#PhDOrBust: (Part 4) You Got The Decision Letter, Now What?

This is the fourth in a series of blogposts:

This blogpost will talk about what to do when:

  1. You don’t receive admission to the graduate program you applied for
  2. You are waitlisted
  3. You are admitted, but not offered funding
  4. When you are admitted with funding

A few days ago, I read an excellent article on what to do in each of these 4 scenarios. Entitled “The Grad School Letter Arrives… Now What?” it was written by a professor at Iowa State. I recommend you read it.

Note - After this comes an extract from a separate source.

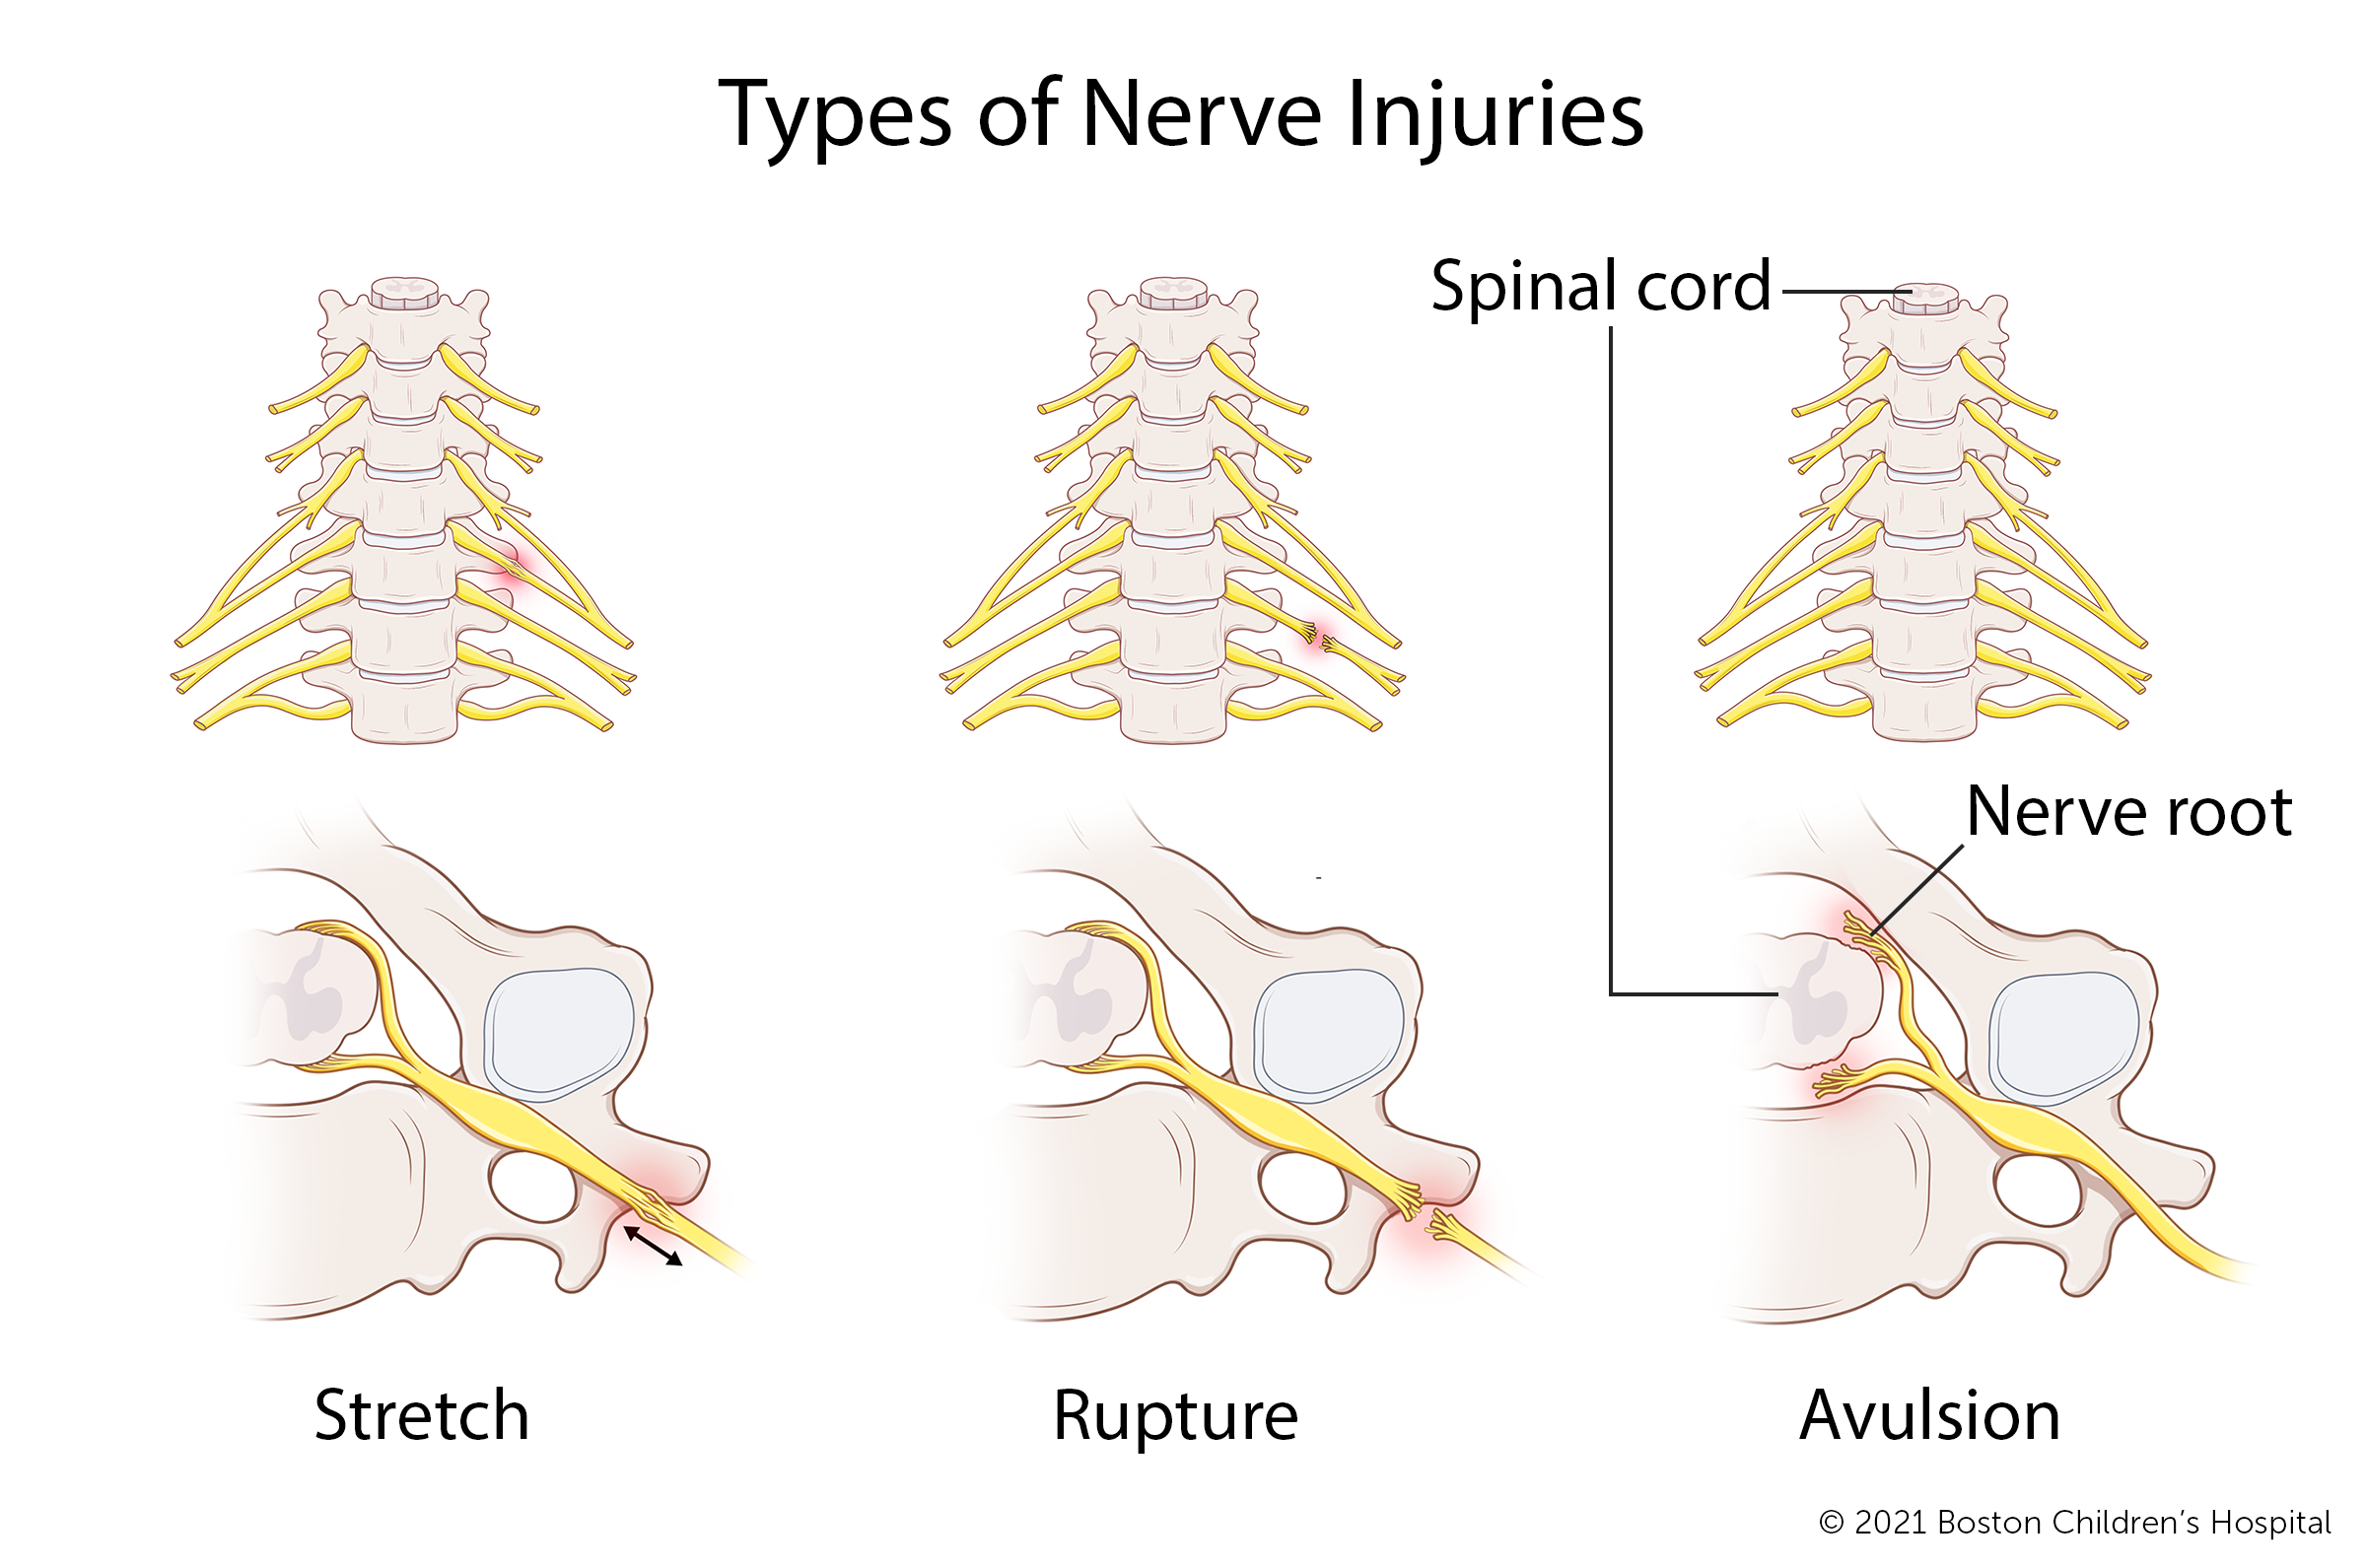 在臂丛伸展性损伤中，神经只是被拉伸，而不是撕裂。在臂丛神经断裂损伤中，神经被撕裂，但仍然附着在脊髓上。在臂丛神经撕脱伤中，神经根已与脊髓分离。

Now, while you wait to hear back from graduate schools, it is a very good idea to remain in contact with the professors you reached out to as you began the grad school application process. This is an excellent opportunity to demonstrate your interest in studying and researching in their department or program. It helps to read their work and be able to speak cogently about their research interests while asking them questions about the program. These questions SHOULD NOT have answers that could be found on the school website. That said, once you establish a rapport and the professors remember your name, don’t be afraid to send them your updated Curriculum Vita and ask about where in the process the admissions committee is. Here’s an excerpt from an email I sent to a professor at the University of Chicago (where I was later admitted and offered funding):

“… As such, I am writing this email to follow up as we enter the final stages of the application process. I still believe the University of Chicago to be an ideal space for learning, collaborating and research as I pursue my graduate studies, and am excited  the prospect of working with faculty members such as yourself.

I have attached an updated version of my curriculum vitae.

With gratitude,

The email should make specific references to previous conversations and emphasize your genuine interest in them, their work, and the program at large. The response I got to these emails was positive. I even had 2 professors recommend me to members of the Admissions Committee (these were schools were I was offered admission, by the way.) I, however, would caution against badgering professors- especially those who do not respond. One email is sufficient.

Now onto the 4 scenarios:

#1: You were not accepted into the graduate school/program(s) to which you applied:

If you do not receive admission to the school or program you applied to, but still wish to apply in the future, it is in your best interest to be gracious and thank the admissions committee for their consideration and inform them of your continuing interest. This is true for anyone else you may have contacted and/or established a rapport with.

Don’t get caught in a cycle of self-blame. You are not a failure for not getting into a graduate program. It may well be the case that the program you applied to recently had funding cuts and could not admit as many candidates. It may also be the case that you need to strengthen your application package- your test scores, experience or even your personal statement may need to be improved upon. In short, not getting into grad school is not a reflection upon you or your worth.

#2: You are waitlisted

Congratulations! This is a good time to establish a rapport with the Graduate Director and demonstrate your continued interest in the program. The fact that you are on the waitlist indicates that out of the pool of applicants, you are a strong candidate. This may not sound heartening, but in the event that you do not receive admission by or after April 15th, you are likely a strong candidate for next year AND you have made the necessary contacts to re-start the grad school application process with meaningful connections.

#3 You are admitted, but not offered funding

Congratulations! I hope you’ve told your recommending professors, family and friends the good news! What you want to do now is call the person who signed your letter of admissions to thank them and ask about possible funding. Don’t be afraid to ask about fellowships, research/teaching assistantships, or scholarships that might be available through the school or through affiliated organizations that you can apply for.

Consider the location, cost of living, tuition, and other factors as you secure funding or consider student loans.

#4 You are admitted with funding

Congratulations! I’m sure everyone in your immediate circles as heard the news!

Now, consider what kind of package you received. Is it a scholarship? A fellowship? A research or teaching assistantship that would require you to work while you study (the teaching load is a serious consideration)? Is it a combination? Is it full funding?

These are questions to consider as you move forward. If you’ve been admitted to multiple graduate schools, you can use this as a bargaining chip. “How” is succinctly summarized here:

Before you decide, you should know that you can “play” the schools against each other. Maybe your top choice (let’s say Stanford) has not offered you as good a package as your second choice (University of California, Berkeley). Call (don’t e-mail) the graduate director of your prospective department at Stanford (or whoever signed your letter of acceptance) and tell her what Berkeley offered you. She’ll call you back in a day or two and let you know what Stanford’s counter-offer is. If Stanford decides to stick with the original offer, you will have lost nothing; since that offer will still stand you can nevertheless go to Stanford despite a less attractive funding package.

I hope this information is useful to you. I’d like to hear from y’all: What advice do you offer?